Testing cell populations and gene modules in blood transcriptomics. This demonstration is based on a paired comparison between day 7 and baseline in MCV4 vaccination [46]. Common statistical methods for pathway analysis are used here, while we replace conventional pathways with cell-specific signatures or custom gene modules. (A) Over-representation test. DNA microarray data are collapsed to the gene level by using the probe set of highest intensity per gene. Gene expression values are compared by paired t-test, and corrected for false discovery rate [50]. Among the significant genes identified here, 7 are found in a predefined signature of plasma cells.
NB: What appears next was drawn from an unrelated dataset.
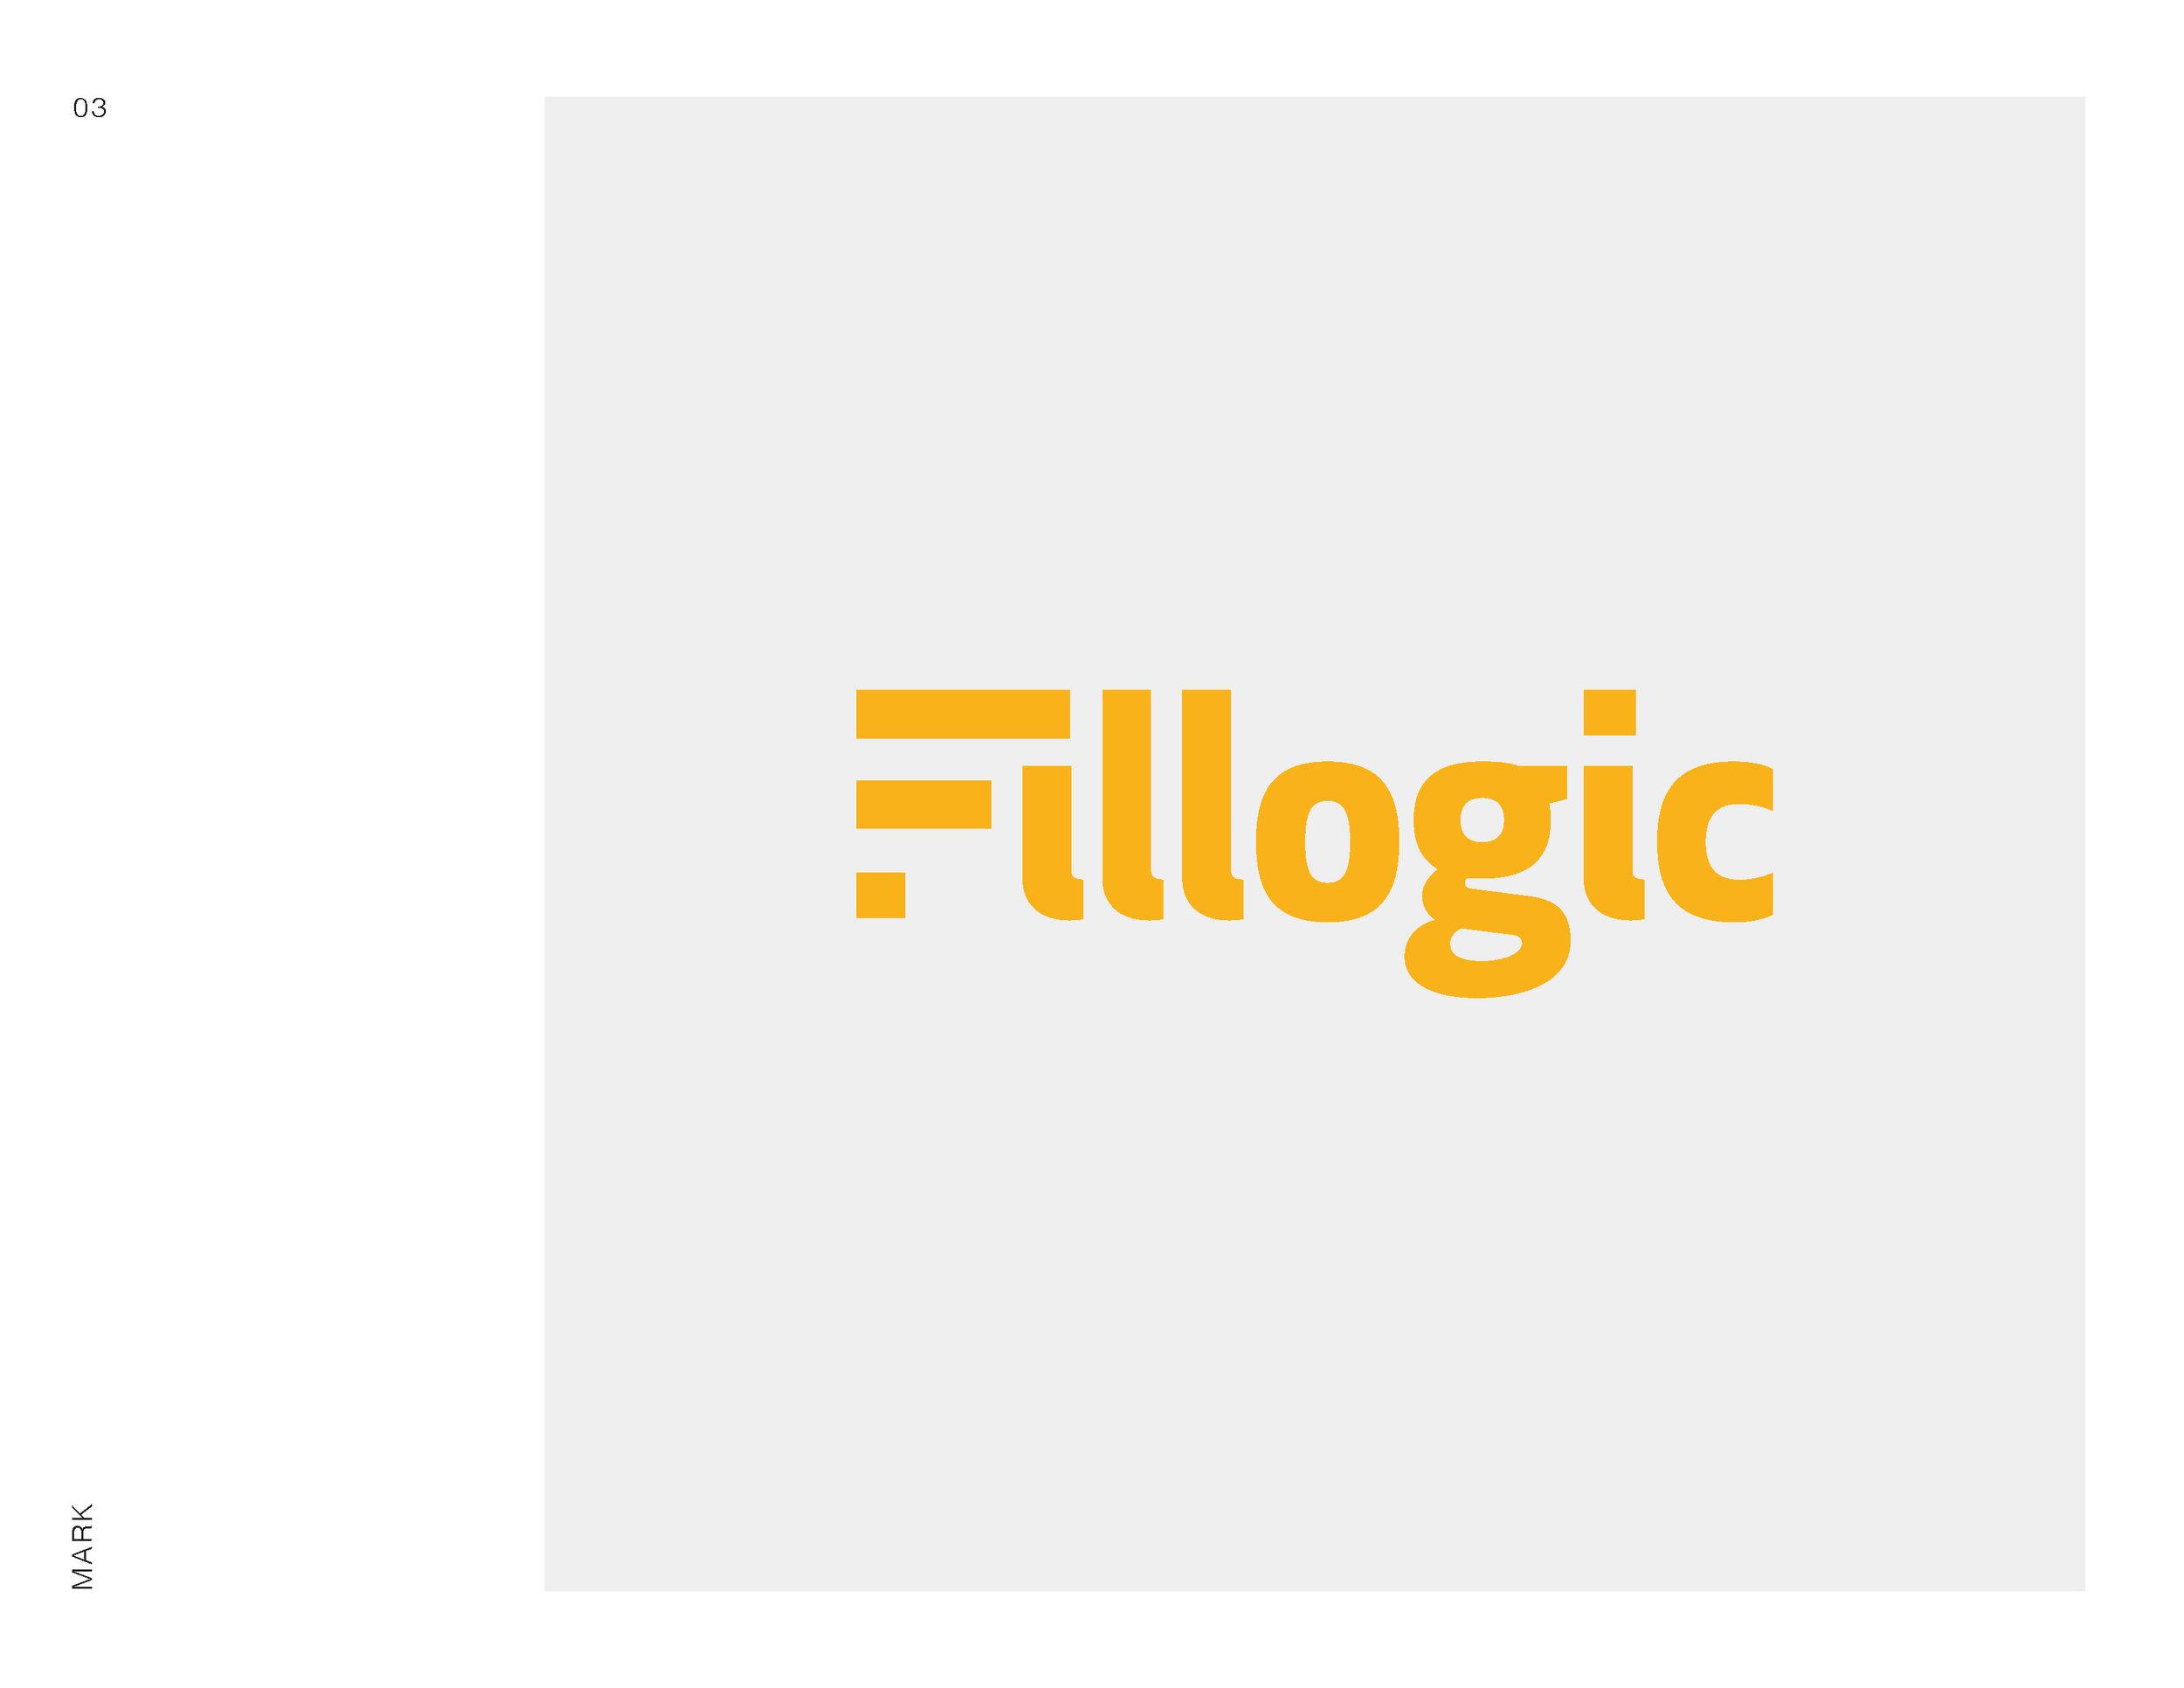 Fillogic Master Brand_Page_03.jpg

These numbers are used to construct a contingency table, and Fisher exact test returns an enrichment p-value < 1E− 5. (B) The distribution of the same plasma cell signature genes is tested by GSEA. The bottom color bar shows the distribution of all genes, ranked by t-score between two time points. The vertical lines indicate the positions of the 24 genes on the ranked list, which are highly skewed for upregulation. (C) A gene module from the BTM collection [46] provides better measurement of antibody secreting cells, demonstrated on the same data. (D) Additional example of BTM module on PLK1 signaling, showing highly significant enrichment towards upregulation. The p-values in B, C, and D approach zero. A detailed tutorial on BTMs is available as an online supplement to Li et al. [46].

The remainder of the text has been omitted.